This paper proposes a new probabilistic approach for describing uncertainty in the ensembles of latent heat flux proxies. The proxies are obtained from hourly Bowen ratio and satellite-derived measurements, respectively, at several locations in the southern Great Plains region in the United States. The novelty of the presented approach is that the proxies are not considered separately, but as bivariate samples from an underlying probability density function. To describe the latter, the use of Gaussian mixture density models—a class of nonparametric, data-adaptive probability density functions—is proposed. In this way any subjective assumptions (e.g., Gaussianity) on the form of bivariate latent heat flux ensembles are avoided. This makes the estimated mixtures potentially useful in nonlinear interpolation and nonlinear probabilistic data assimilation of noisy latent heat flux measurements. The results in this study show that both of these applications are feasible through regionalization of estimated mixture densities. The regionalization scheme investigated here utilizes land cover and vegetation fraction as discriminatory variables.

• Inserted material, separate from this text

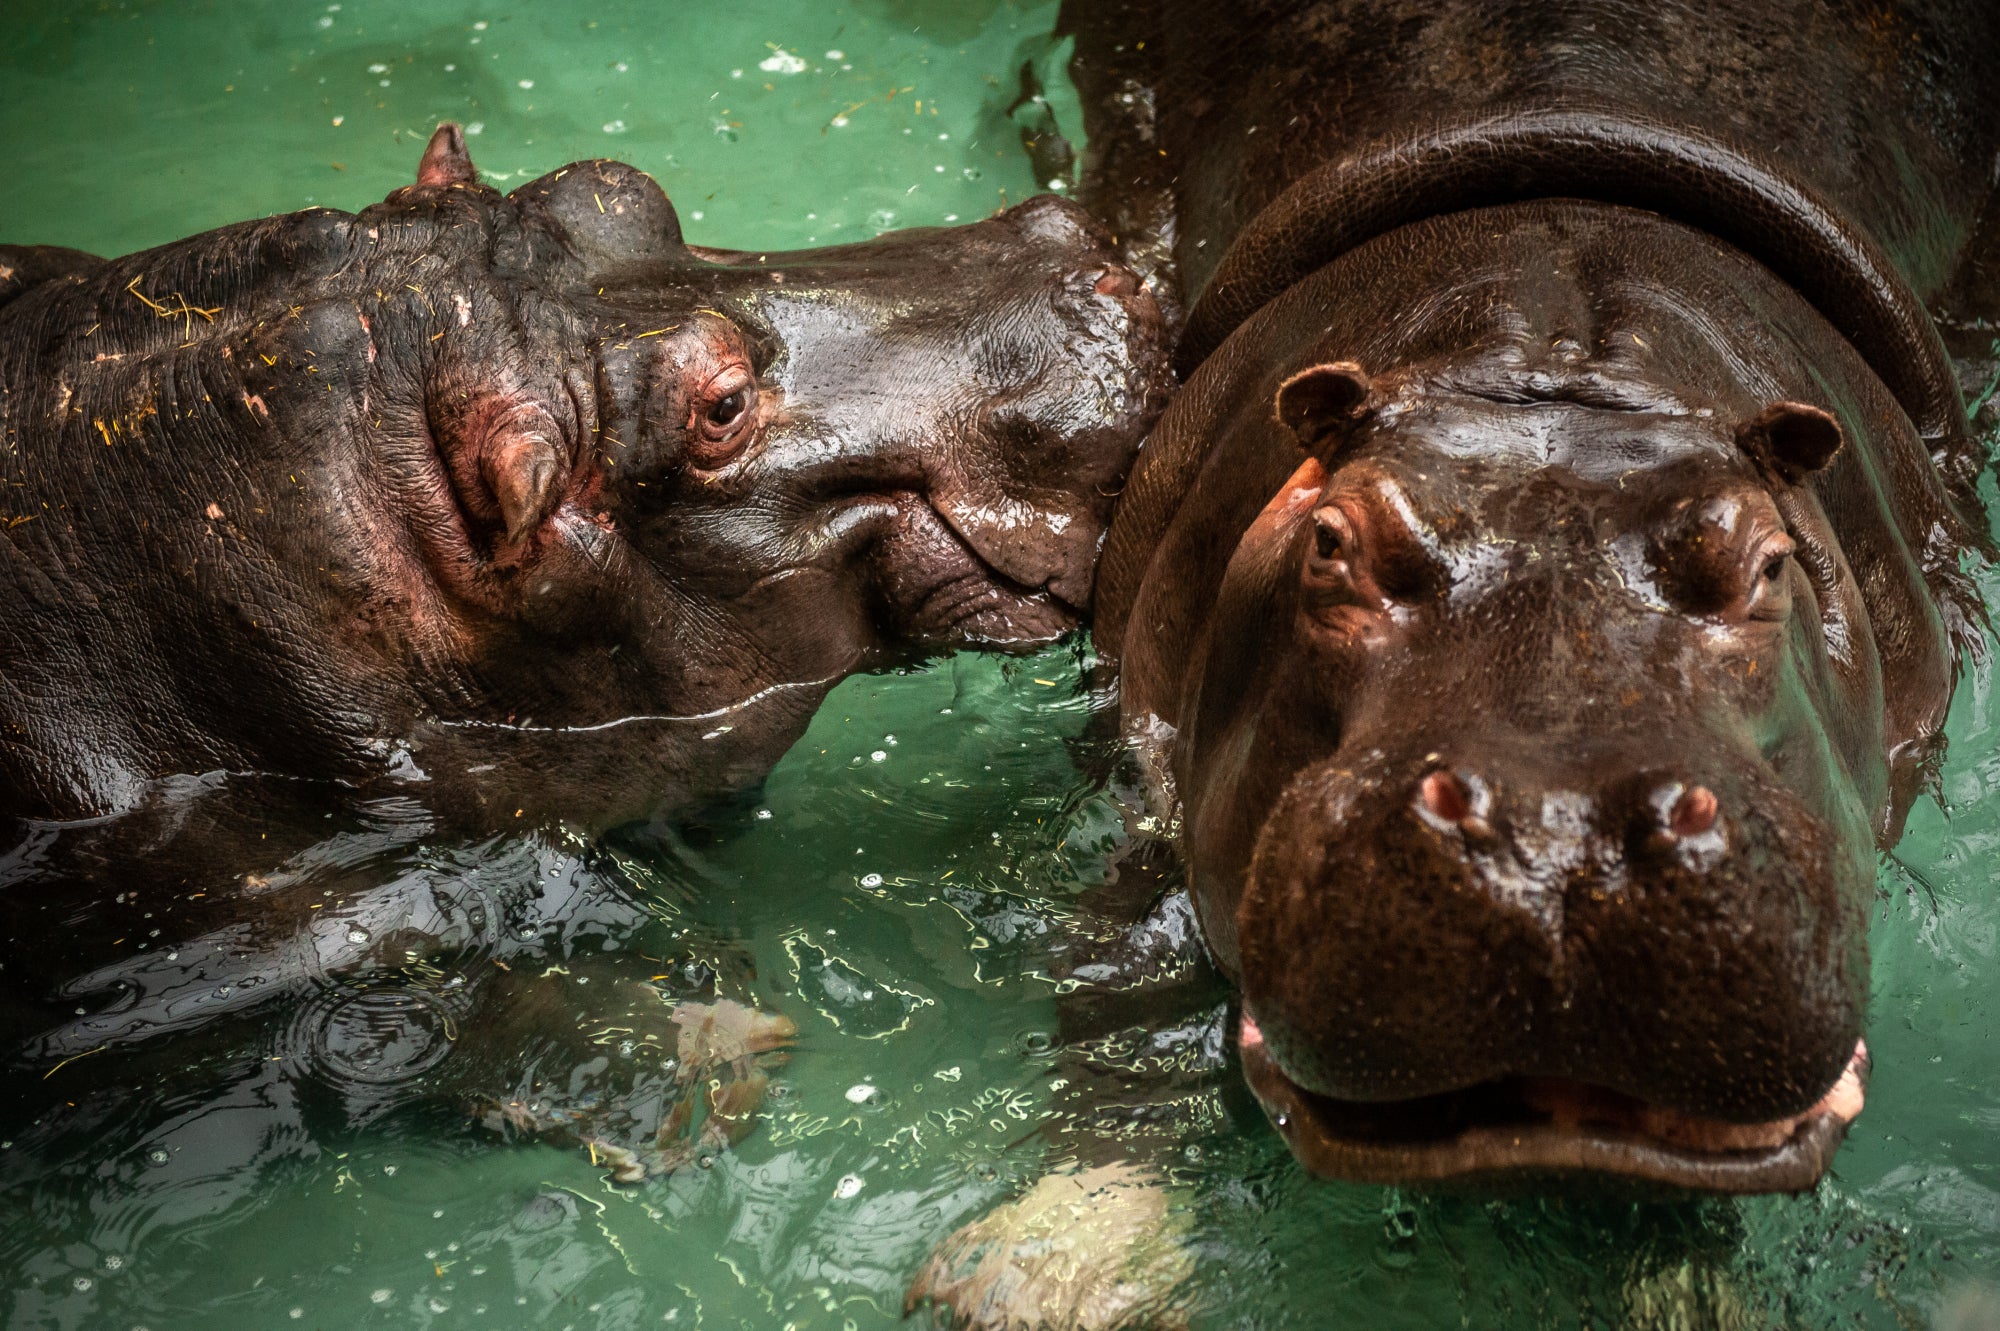 Hippos Imani, 14 and Hermien, 41 at the Antwerp Zoo in Belgium have tested positive for Covid-19

* Current affiliation: Department of Civil and Environmental Engineering, Princeton University, Princeton, New Jersey

Correspondingauthor address: R. Wójcik, Dept. of Civil and Environmental Engineering, Princeton University, Princeton, NJ 08544. Email: rwojcik@princeton.edu

1. Introduction

Latent heat flux (LE) is the key variable that provides a link between energy and water budgets at the land surface. Since much of our understanding of the complex feedback mechanisms between the earth surface and the atmosphere is focused on quantifying these budgets, there is considerable interest in developing methods that routinely predict this variable. Local- and regional-scale estimates of LE would offer insight into hydroecological processes, aid in improving irrigation efficiency, and would provide a valuable tool for water resource management. Accurate estimation at large scales is required to improve our understanding of the global climate and its spatial and temporal variability (Miller et al. 1995). However, the prediction and validation of LE across all scales remains problematic.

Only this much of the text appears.